Whether an appeal, taken by one alleged to be a trustee in an action begun by trustee process before final judgment is entered from an order that the trustee be defaulted for failure to obey an order of the court directing him further to answer certain interrogatories of the plaintiff, was taken prematurely, here was not decided, it being determined that, even if the appeal properly was before this court, no error of law was disclosed by the record.

Although the answers of one summoned as trustee by trustee process to interrogatories propounded to him by the plaintiff must be accepted as true and cannot be contradicted, and he cannot be subjected through interrogatories to cross-examination, yet the alleged trustee can be required in answer to interrogatories to testify with reasonable minuteness as to the subject under investigation.

In an action of contract begun by trustee process where an order of the court directed the alleged trustee to answer certain of a number of interrogatories filed by the plaintiff under R.L.c. 189, § 11, which the alleged trustee refused to answer and which, respecting a large sum of money disclosed by the trustee, in answer to others of the interrogatories, to have been paid to him as attorney for the defendant, seek information with regard to whom such money was paid to by the alleged trustee, as to whether the trustee rendered an accounting to the defendant and a copy of such accounting if rendered, and as to the amount which the alleged trustee charged the defendant for his services, an appeal by the alleged trustee from the order will not be sustained, although in answer to another interrogatory the alleged trustee has stated that before the service of the writ upon him "the entire balance remaining" in his hands "was paid over in full to the principal defendant" with the exception of a sum equal to one half of the amount claimed by the plaintiff, which was held back to be paid to him; because the plaintiff is not bound to accept such a bald assertion by the trustee, and it does not appear that such interrogatories were in the nature of cross-examination nor intended to elicit answers contradictory to answers already given.

CONTRACT upon an account annexed for $400.50 for services rendered as a physician.
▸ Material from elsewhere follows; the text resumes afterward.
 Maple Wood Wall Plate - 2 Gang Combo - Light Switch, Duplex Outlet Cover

The action was brought by trustee process, Samuel A. Fuller, Esquire, being named as trustee. Writ in the Municipal Court of the City of Boston dated September 21, 1912.
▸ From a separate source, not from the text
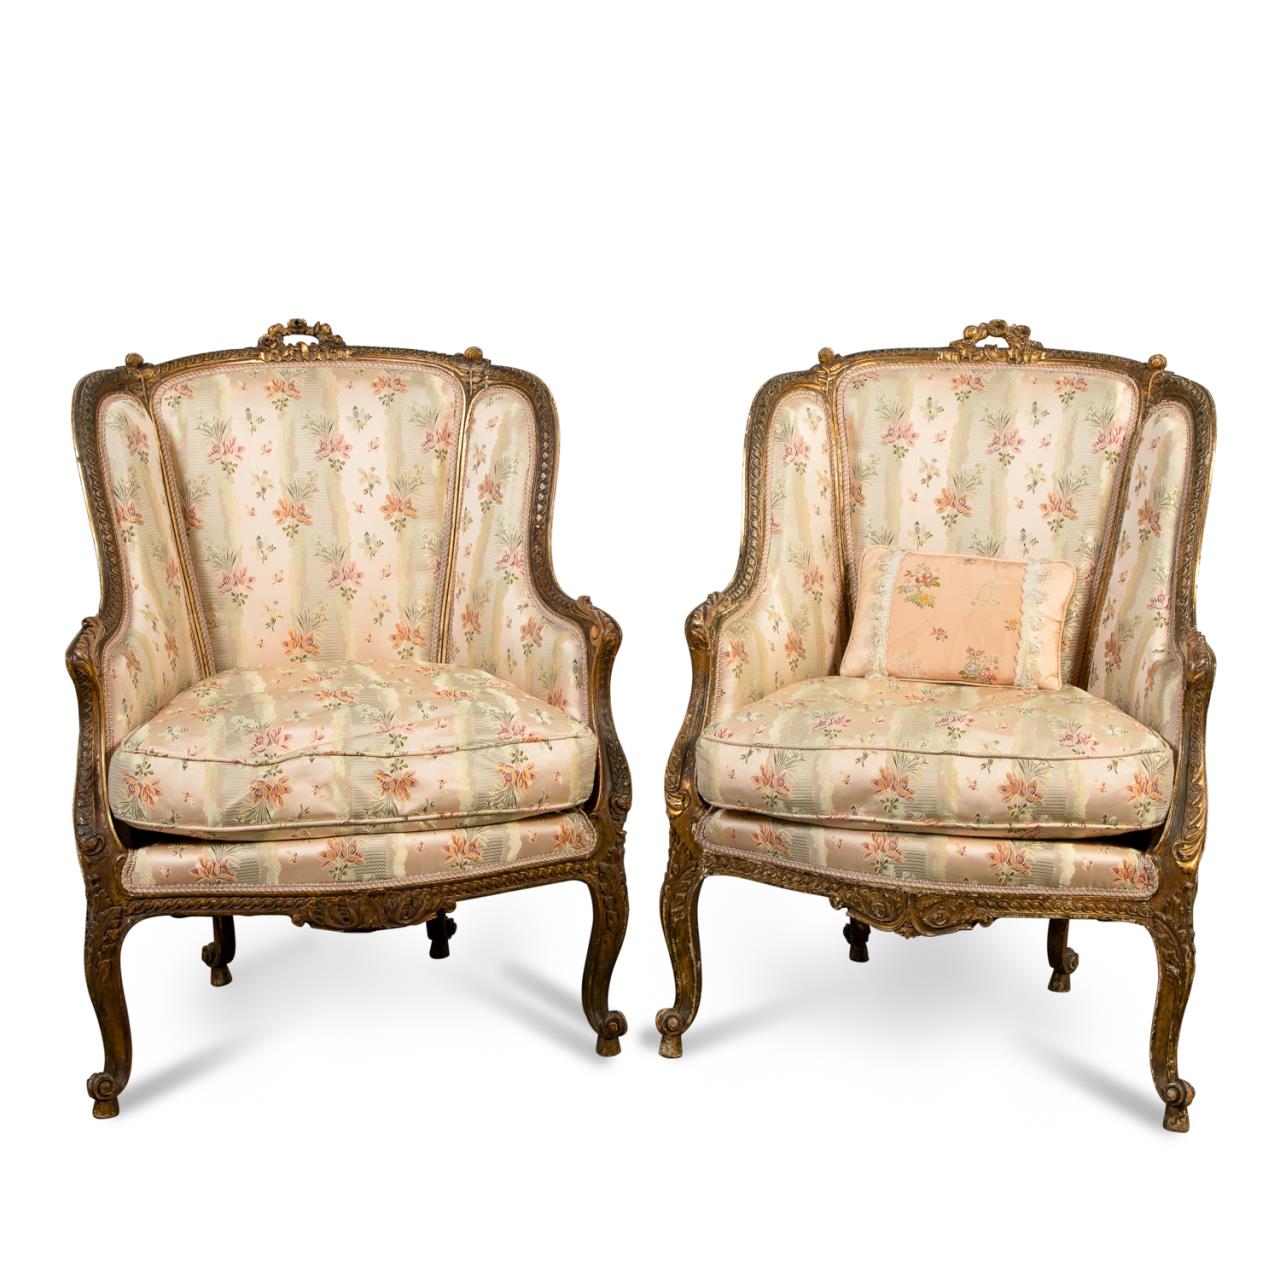 NEAR PAIR OF FRENCH PARCEL GILT 358f7d

At a trial of the action upon its removal to the Superior Court, the jury found for the plaintiff in the sum of $436.50 on March 23, 1914. On April 2, 1914, the trustee was allowed to file an answer of "No funds."

The plaintiff thereupon filed interrogatories to the trustee, which, after being ordered by the court to do so, he answered as follows:

Interrogatory 1. What was the amount for which execution issued in the action of Taylor v. Boston Maine Railroad Company, which is action No. 51586 on the docket of the Superior Civil Court for Suffolk County?

Answer 1. I am unable to state at the present time, but the amount appears in the execution as returned to court satisfied.

Interrogatory 2. Did you receive that sum or any part of it, to the use of the plaintiff in that action?

Answer 2. Yes.

Interrogatory 3. If your answer to interrogatory 2 is in the affirmative, state how much money you so received.

Answer 3. The whole amount of the execution.

Interrogatory 4. If your answer to interrogatory 2 is in the affirmative, state to whom you paid out such money, giving date and amount of each payment.

Answer 4. I decline to answer on the ground that it is immaterial and irrelevant unless directed so to do by the court.

Interrogatory 5. Have you ever rendered an accounting to Edric R. Taylor, the plaintiff in that action?

Answer 5. I have made a final settlement with Edric R. Taylor, the plaintiff in this [that] action, as well as with all other persons whose services were employed in the trial of the case, with the exception of W.R. MacAusland, and I agreed with the said Edric R. Taylor, or somebody representing him, that I would pay one half of the bill rendered by the said W.R. MacAusland, to wit, the sum of $200.25, and which sum I still retain. Further than that I decline to answer this interrogatory on the ground that it is immaterial unless I am required so to do by the court.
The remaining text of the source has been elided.